This speech became the foundation of a book Bogle published a year later, on the eve of the global financial crisis. The message of the book, and of the commencement speech, is simple: we have gone from an agricultural economy to a manufacturing one to a service one to a financial one, and in so doing, we have pinned so much of our collective fortune on extracting value from trading paper that we are losing our grip on what it means to actually build anything of value, let alone how to serve others. Getting rich is fine. Getting crazy about it isn’t.

It took courage to write this at a time when most people on the planet didn’t want to hear that the global economy was on the verge of bursting its bubble. Bogle warned that when things turned south, the folks on Wall Street and everybody connected to them who would be hanging from the lamp posts. Given how little Occupy Wall Street has accomplished, I think it’s safe to say that there will be no revolution over this.

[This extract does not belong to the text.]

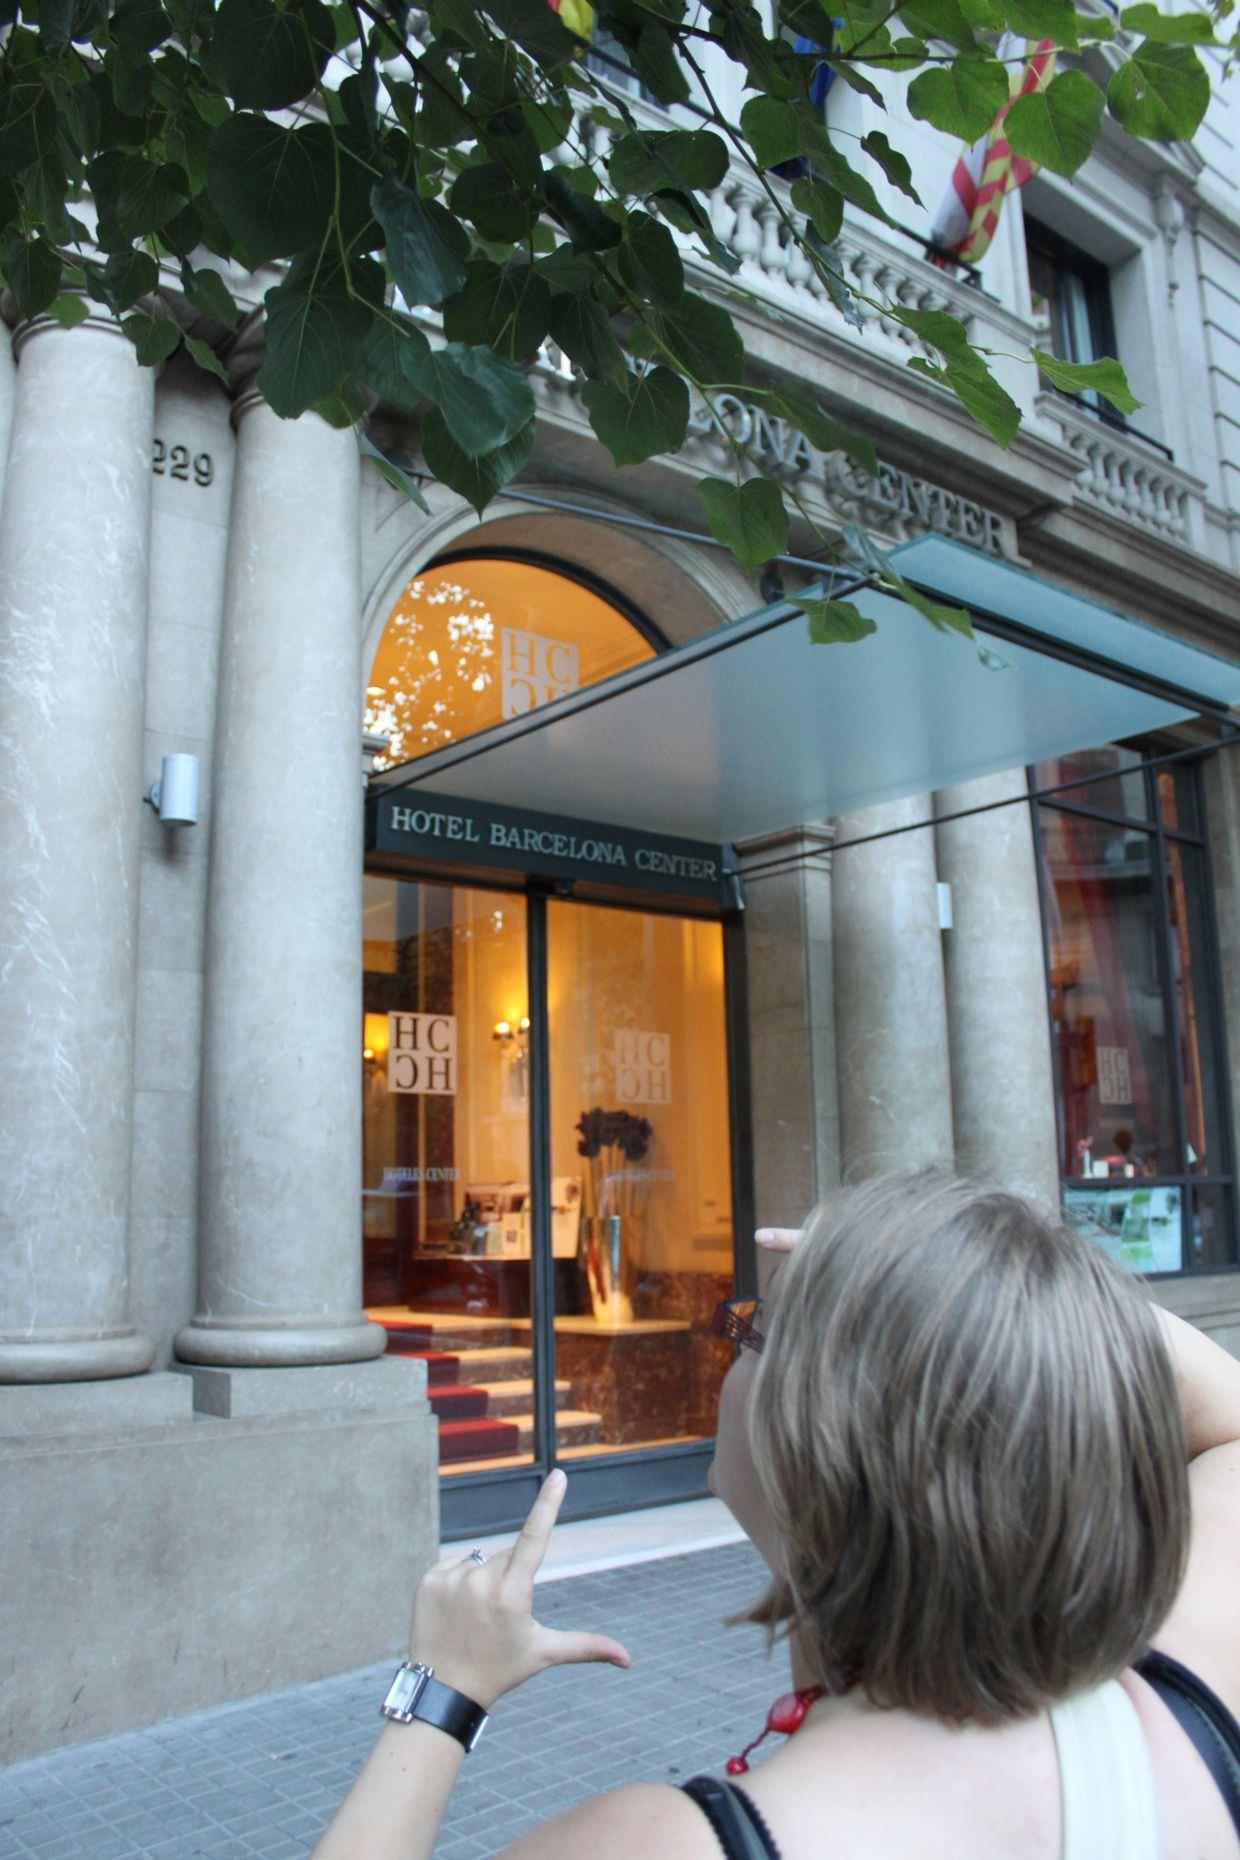 Samantha explaining the photograph I should take outside Hotel Center

But it has driven home a deep and well-deserved skepticism about how the extreme parts of the financial sector operate. They say money has no conscience, but that doesn’t mean the people making it should be that way, also. I was reminded of this when reading the scathing resignation letter Goldman Sachs executive Greg Smith published as an op-ed in the New York Times last month, in which Smith verified every bad suspicion everybody has ever had about Goldman, which is to say that even among investment banks, the place practices the kind of financially driven sociopathy that would make Gordon Gekko blush.

But Goldman is hardly the only problem here. At some point, what drives our financial system is not mere wealth, for there is only so much time in the year to spend it. At some point, money–which ought to be a means to an end–becomes an end unto itself, driven by a pathological need to acquire. How else can we explain the need for John Paulson, a guy who made billions short-selling subprime mortgages, to strip mine a company like the Hartford purely to produce a better stock price? It’s not like he’s concerned about the policyholders.

It all makes me arch an eyebrow at the stock model in general. Indeed, there are plenty of strong, responsible stock insurers, but they inevitably remind me of that old joke about how, in college, you can have two out of three: sleep, good grades and a social life. In insurance, there is tight underwriting, broad market share and fast-growing stock price. You can have two, and the third one is probably not the best one to start with.